Der Verlag dämpfte seinen Enthusiasmus. Entweder sollten Spiel und Buch gleichzeitig erscheinen (um den Verkauf des Buches zu gewährleisten) – oder man müsse auf das Spiel verzichten. Für Adams und seine Firma The Digital Village, die bereits mit der Entwicklung des Programms begonnen hatte, kam der Verzicht nicht in Frage: Der Autor wußte zunächst keinen Rat. Beides gleichzeitig fertigzustellen, erwies sich als unmöglich.

Eher versehentlich kam Terry Jones zur Hilfe. Adams hatte den Monty-Python-Komiker schon früher in einschlägigen Kneipen getroffen. Als Jones spontan The Digital Village besuchte, war er von der Idee des Spiels begeistert und bot seine Mithilfe an (die Sache hatte etwas mit einem Papagei zu tun, aber wie so vieles bei Douglas Adams bleibt auch das etwas undurchsichtig). Man einigte sich darauf, daß Jones das Buch nach der Vorgabe von Adams schreiben sollte. Was den seltsamen Stil von „Raumschiff Titanic“ erklärt: Leider bedient sich Jones in vielerlei Hinsicht an „Per Anhalter durch die Galaxis“ und versucht auch sonst zu stark, den Stil von Douglas Adams zu kopieren – was er als Mitglied der berühmt-berüchtigtsten britischen Komikergruppe keineswegs nötig gehabt haben sollte.

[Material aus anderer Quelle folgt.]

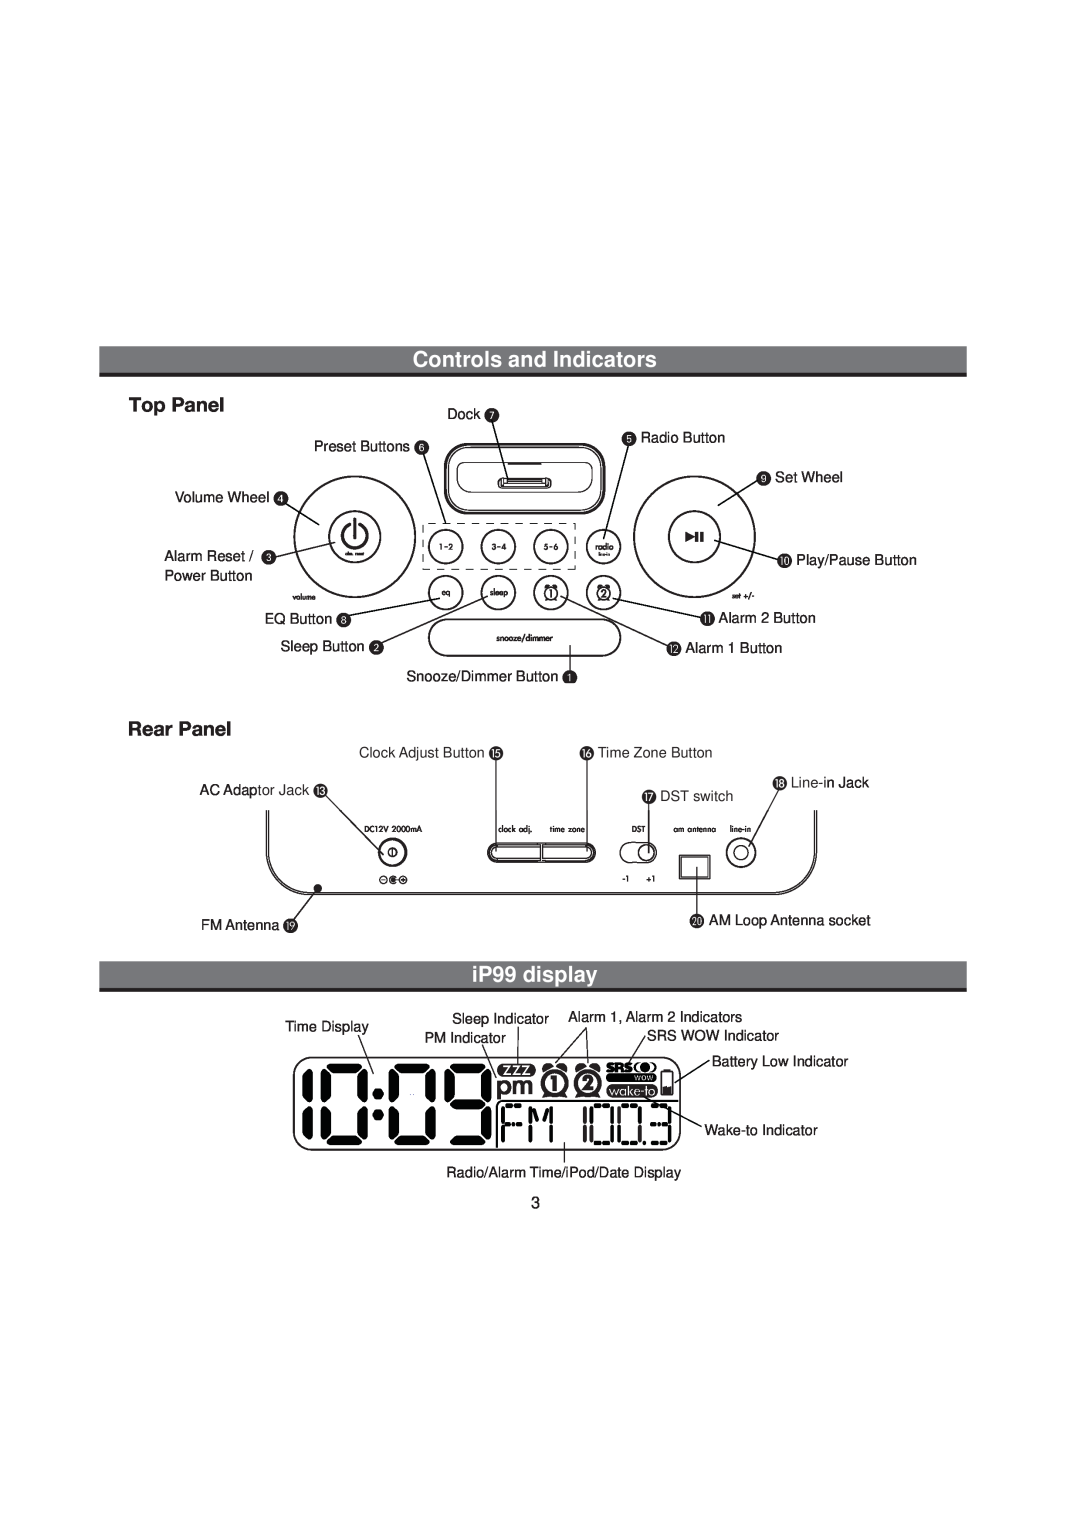 iHome manual Controls and Indicators, iP99 display, Top Panel, Rear Panel

Irreführend ist, daß der Name Douglas Adams groß und an erster Stelle auf dem Titel prangt, obwohl lediglich die Idee von ihm stammt. Hätte sich ein Buch nur mit dem Namen „Terry Jones“ so viel schlechter verkauft oder wäre es, wenn überhaupt wahrgenommen, als „banal“ verrissen worden?

Der Roman ist nicht einmal schlecht, aber echten Douglas-Adams-Fans wird er einfach fremd erscheinen. Trotzdem gehört er neben die anderen Bücher ins Regal: Es ist das letzte, das Douglas Adams' Namen tragen darf. Im Mai diesen Jahres starb der unbestrittene „Meister der modernen Science Fiction“ in einem kalifornischen Fitneßstudio an einem Herzanfall – mit nur 49 Jahren.